Николай Шпыркович - Лепила[СИ]
— 11-
… — Ну, а кто же знал, что вы — ни при чем? А мои ребята натренированы подавлять даже предполагаемую опасность, саму возможность ее, это у них на уровне рефлекса. — Глаза сидевшего напротив капитана светились невинностью, лишь изредка вспыхивая веселыми искорками.
— Хорошо хоть, они стрелять на эту самую возможность не натренированы — проворчал я потирая, в общем–то, давно переставший болеть подбородок.

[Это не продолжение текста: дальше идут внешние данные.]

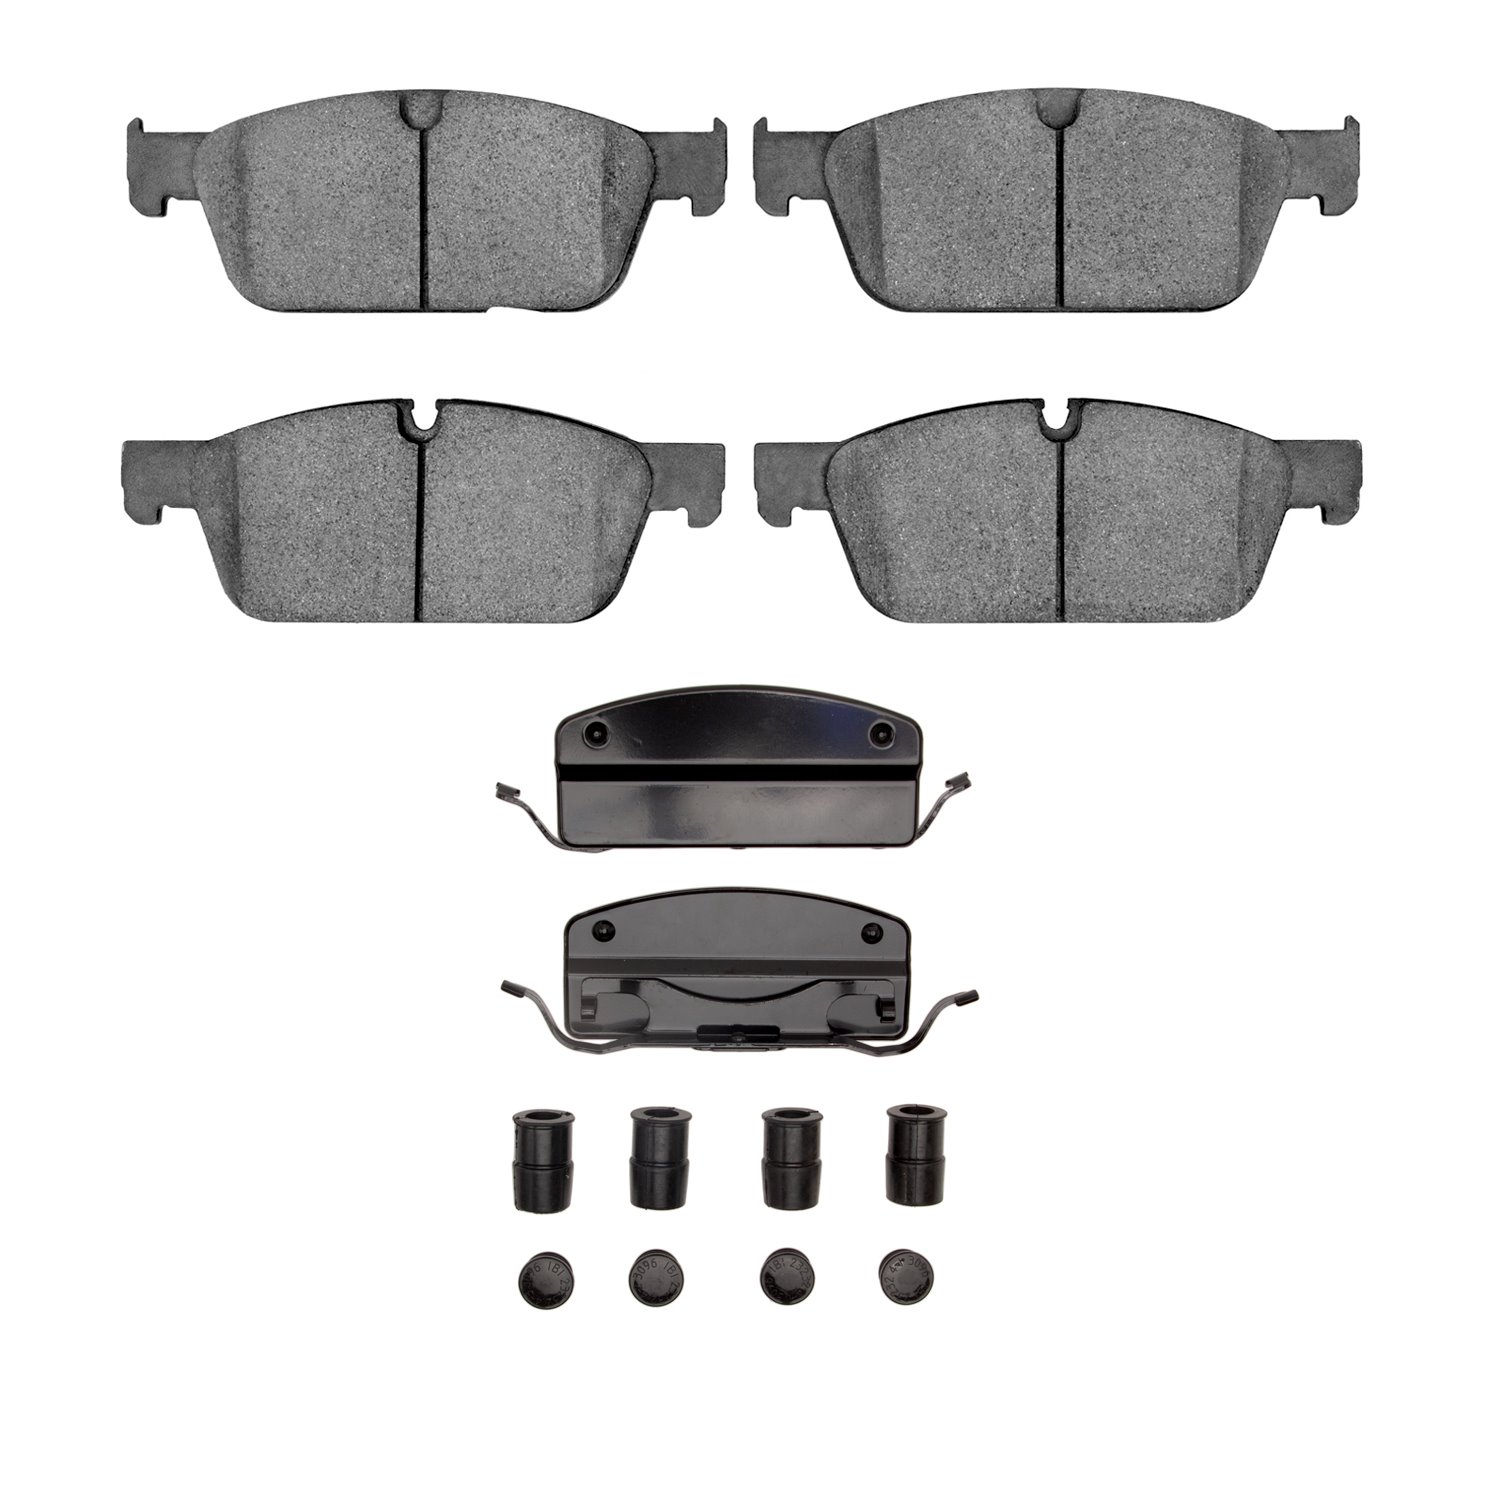 1600-1636-01 5000 Euro Ceramic Brake Pads & Hardware Kit, 2012-2014 Mercedes-Benz, Position: Front

— Ну, не будь на вас белого халата — уже на полном серьезе задумался капитан. — в принципе, коридор больницы — это уже не жилое помещение, … хотя еще и не промышленная зона, будь вы одеты в нечто серо–голубое, … да при таком освещении, … могли бы и стрельнуть, — пожал он плечами, будто обсуждал сыгранную партию в преферанс: «будь у него семерка треф, да пойди он с нее — ну, мог бы мизер и срастись».
Я поежился, вспомнив свой «гуманитарный» голубой костюм, которым я жутко гордился, и на который в последний момент, уже перед выходом на коридор в ту ночь, набросил унылый белый халат, даже не застегнув пуговицы. Про себя я поклялся, что впредь буду ходить по больнице исключительно в нем, зимой же на улицу выходить в чем–нибудь клоунском — побольше там зеленого, малинового, оранжевого. Хотя кто его знает, какие там, у спецназа инструкции на счет боестолкновения на снегу зимой — может, как раз палить по всему, что на этом снегу выделяется, дабы враг не ускользнул.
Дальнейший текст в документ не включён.